Job status panel — import queued after clicking Start Import
Job Progress
The Job Status panel shows real-time progress while the import is running:
- Status — current job status (see below).
- Row counters — processed / total | success | failed.
- Start / Finish times — ISO timestamps shown once available.
Job Statuses
- queued — job is waiting in the processing queue.
- running — rows are actively being written to Elasticsearch.
- completed — all rows were written successfully.
- completed_with_errors — the job finished but one or more rows failed. Successful rows are indexed; failed rows are logged.
- failed — a fatal error stopped the job before it could finish. No rows were written after the point of failure.
Error Rows
When a job ends with status completed_with_errors or has a non-zero
failed row count, a Load Error Rows button appears in the Job
Status panel. Clicking it fetches up to 100 error rows and displays them in a
table with the following columns:
- Row — the 1-based row number in the original file.
- Primary Key — the primary key value of the failing row, if available.
- Error — a human-readable message explaining why the row failed.
Quality Gate — automatic job termination
To prevent runaway imports from filling the index with garbage data, the system
monitors error patterns during the run and stops the job early if either of two
thresholds is crossed. When a quality gate fires the job transitions to
failed — not completed_with_errors — and the reason is
recorded in the error summary.
-
100 consecutive row errors — if 100 rows in a row all fail without a single successful row in between, the job is stopped immediately. A successfully written row resets the counter to zero.
-
80 % error rate — checked every 1 000 processed rows. If at least 80 % of all rows processed so far have failed, the job is stopped. This check only activates after the first 1 000 rows have been processed.
Import Job List
Navigate to Data Import in the sidebar to see all previous import jobs. The list updates automatically every 3 seconds when any job is still queued or running. Each row shows the API, model, status or live progress bar, row counters, and start/end timestamps. Click the inspect icon to open the Job Detail page.
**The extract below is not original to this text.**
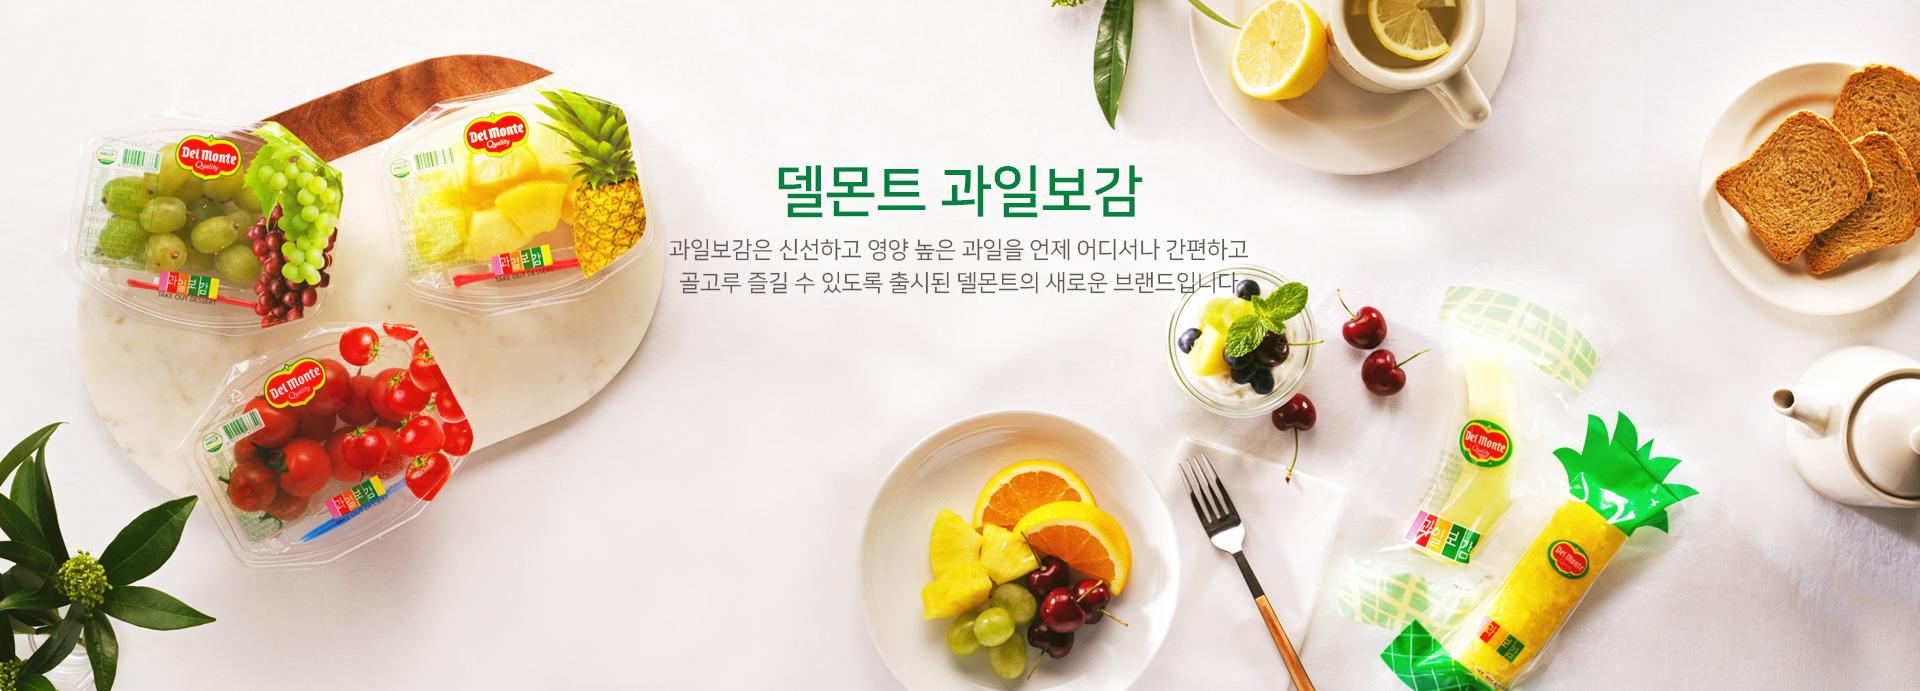 델몬트 과일보감 과일보감은 신선하고 영양 높은 과일을 언제 어디서나 간편하고 골고루 즐길 수 있도록 출시된 델몬트의 새로운 브랜드 입니다.

Import Job List — live progress bar on running jobs
Import Job Detail
The Job Detail page provides the complete record of a single import job, including:
Import Job Detail — stat cards, metadata and error rows table
- Stat cards — total rows, successful rows, failed rows, progress percentage.
- Full metadata — job ID, API, import mode, model, endpoint path, primary key column, generate-unique-ID flag, has-header flag, delimiter, file name and type.
- Error summary — a badge indicating whether a fatal error occurred and its message.
- Error rows table — row number, primary key, error message, raw row data, and timestamp for every failed row.